Kultur, Stadt

Das hat es mit dem traditionellen Schäfflertanz auf sich

MUCBOOK Redaktion

Beim diesjährigen Brauertag auf dem Marienplatz am 20. Juni tritt der Schäfflertanz außerhalb seines traditionellen Sieben-Jahres-Rhythmus auf – als besonderes Highlight für 32 Jungbrauerinnen und Jungbrauer, die dort feierlich freigesprochen und vom Münchner Oberbürgermeister freigeschlagen werden. Ein seltener Moment: Denn kaum ein Münchner Brauch verkörpert die Identität der Stadt so eindrucksvoll wie der Schäfflertanz.

Ein kulturelles Ereignis höchsten Ranges

Er ist weit mehr als eine historische Zunfttradition. Seit Jahrhunderten gehört der Schäfflertanz zum kulturellen Selbstverständnis Münchens. Seine herausgehobene Stellung zeigt sich an einem der sichtbarsten und symbolträchtigsten Orte der Stadt: dem berühmten Glockenspiel am Marienplatz. Traditionell war die erste Aufführung einer Saison dem König vorbehalten – eine Ehre, die sich in der heutigen Präsentation vor dem Bayerischen Ministerpräsidenten bis in die Gegenwart erhalten hat.

Seine besondere Aura verdankt er dabei nicht nur seiner langen Tradition und der beeindruckend aufwendigen Darbietung, die von den Tänzern über Monate hinweg einstudiert wird, sondern auch seiner Seltenheit: Er wird nur alle sieben Jahre aufgeführt. Gerade dadurch wurde er über die Jahrhunderte zu einer ehrwürdigen und zugleich geheimnisvollen Rarität, auf die die Stadt immer wieder mit großer Vorfreude blickt.

Die Pestlegende und ihre tiefere Bedeutung

Nach der bekannten Ursprungserzählung geht der Schäfflertanz auf die Zeit nach einer schweren Pestepidemie zurück. Die Stadt soll von Krankheit, Tod und Angst gezeichnet gewesen sein; das öffentliche Leben war erstarrt. In diesen düsteren Zeiten sollen Schäffler auf die Straßen gezogen sein, um die verängstigten Menschen wieder aus ihren Häusern zu locken. Der Tanz sollte Mut machen, wieder hinauszutreten, einander zu begegnen und ins Leben zurückzufinden.

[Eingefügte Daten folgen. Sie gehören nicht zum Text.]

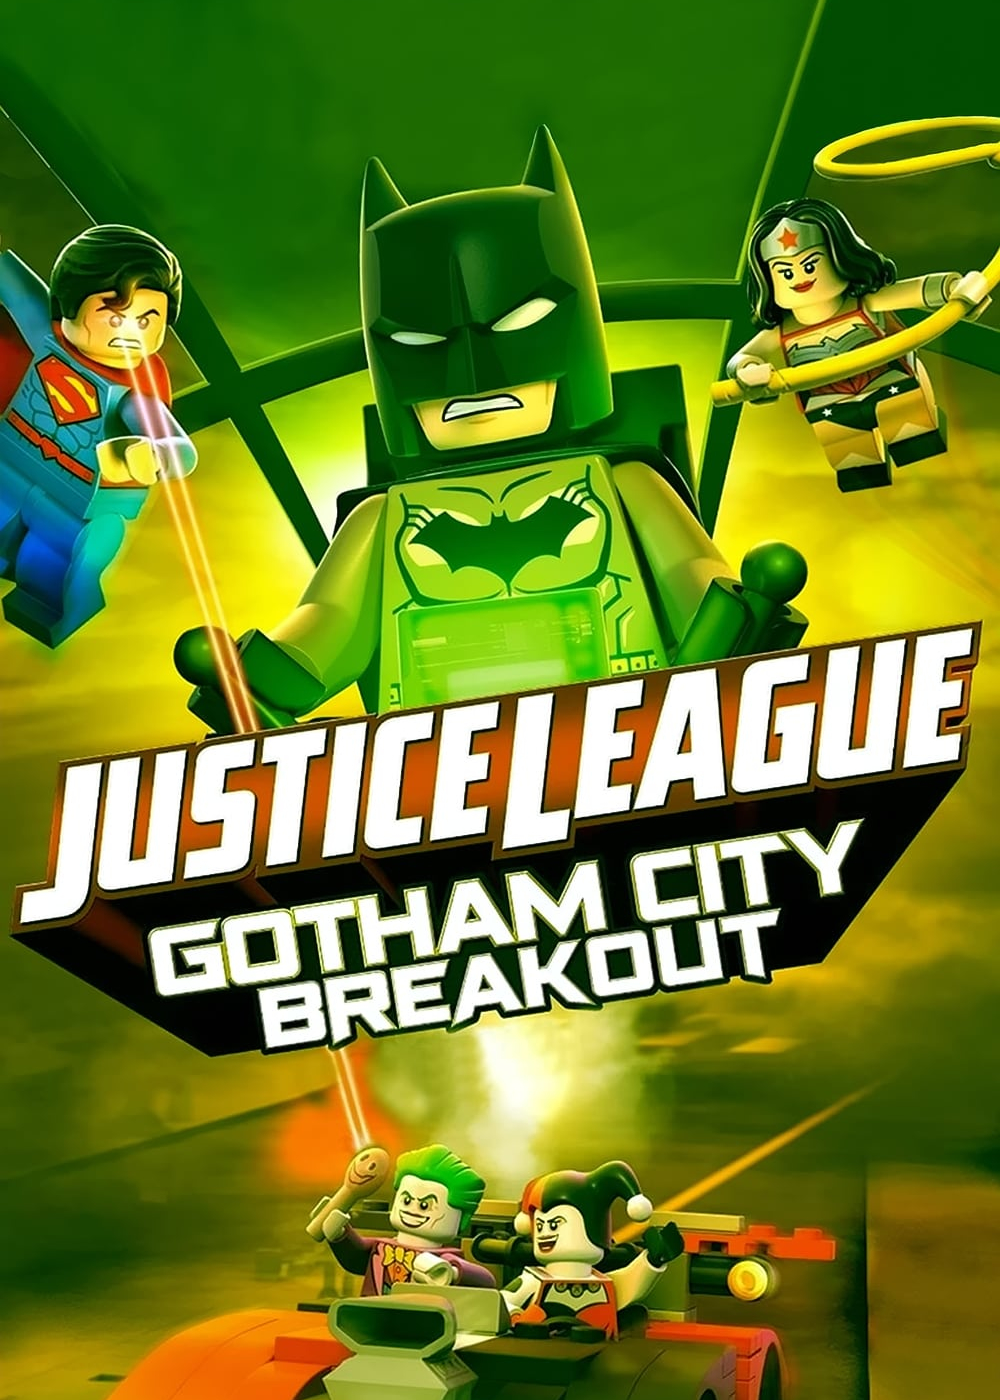 Lego DC Comics Superheroes: Justice League - Gotham City Breakout (Lego DC Comics Superheroes: Justice League - Gotham City Breakout) [2016]

Der Schäfflertanz auf dem Marienplatz, 1863. Illustration aus “Das festliche Jahr” von Otto von Reinsberg-Düringsfeld.

Doch möglicherweise erzählt der Schäfflertanz nicht von einem einzelnen historischen Ereignis, sondern von etwas Grundsätzlicherem und Zeitlosem. Er berührt Menschen auch Jahrhunderte nach der letzten Pest noch auf erstaunlich unmittelbare Weise – vielleicht, weil er wie viele alte Rituale weniger historische Tatsachen erzählen will als zeitlose Weisheiten.

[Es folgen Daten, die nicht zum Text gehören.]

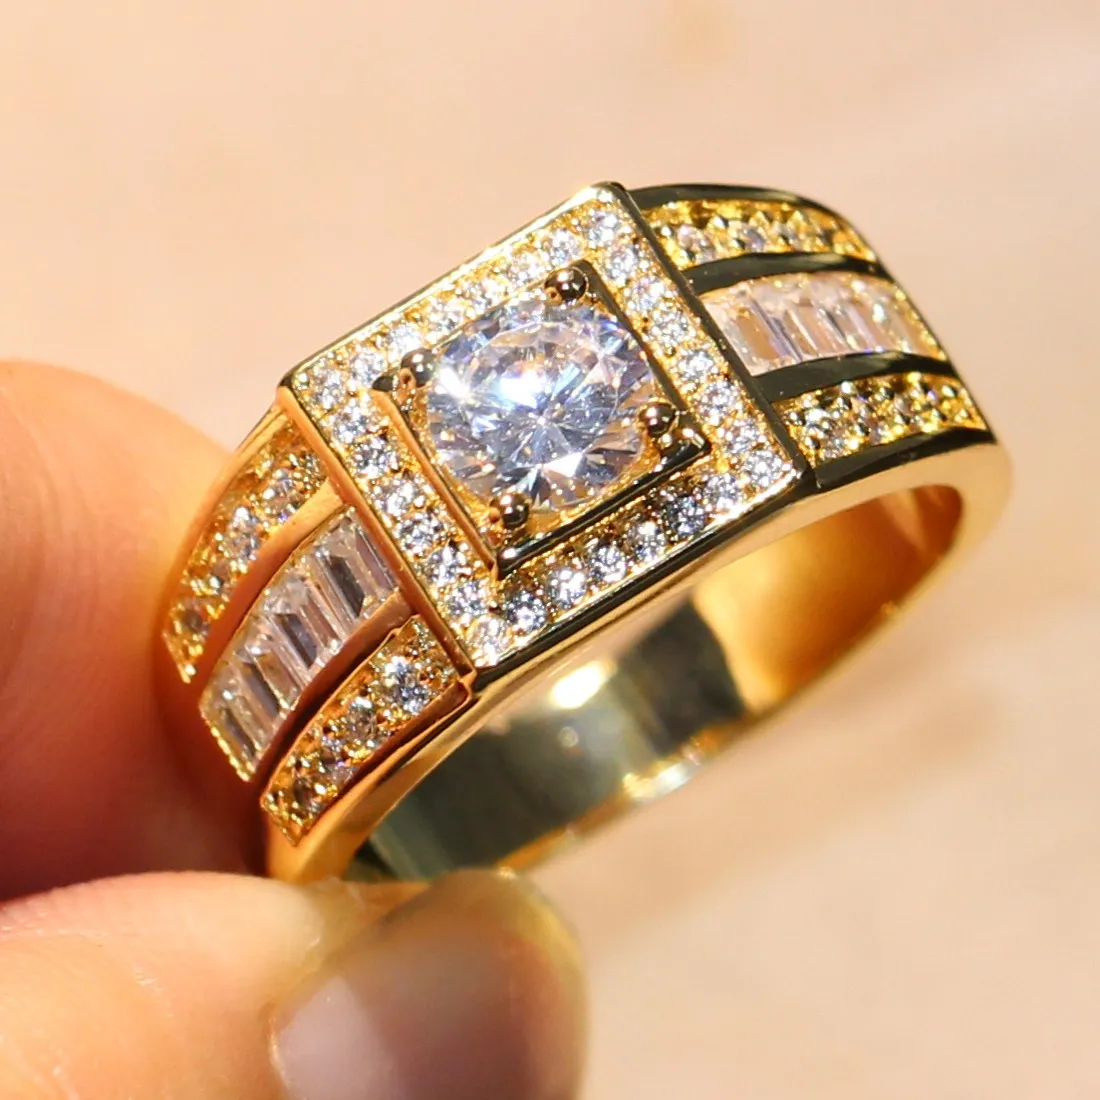 Stunning Original Handmade Luxury Jewelry 10KT Yellow Gold Filled Round White Topaz CZ Diamond Gemstones Men Wedding Band Ring For2110

Ordnung, Chaos und der verbindende Bogen

Der Tanz beeindruckt vor allem durch die außerordentliche Struktur und Strenge seiner Abfolge. Jeder Schritt und jede Bewegung folgen einer bis ins Detail vorgegebenen Ordnung. Die parallel dazu auftretenden Kasperln und Narren scheinen nicht dazuzugehören – sie ordnen sich in keiner Weise dem Tanz unter, durchbrechen frech die Reihen der Tänzer und versuchen, diese abzulenken. So wird in der Aufführung die Polarität zwischen Ordnung und Chaos, Strenge und Witz anschaulich demonstriert.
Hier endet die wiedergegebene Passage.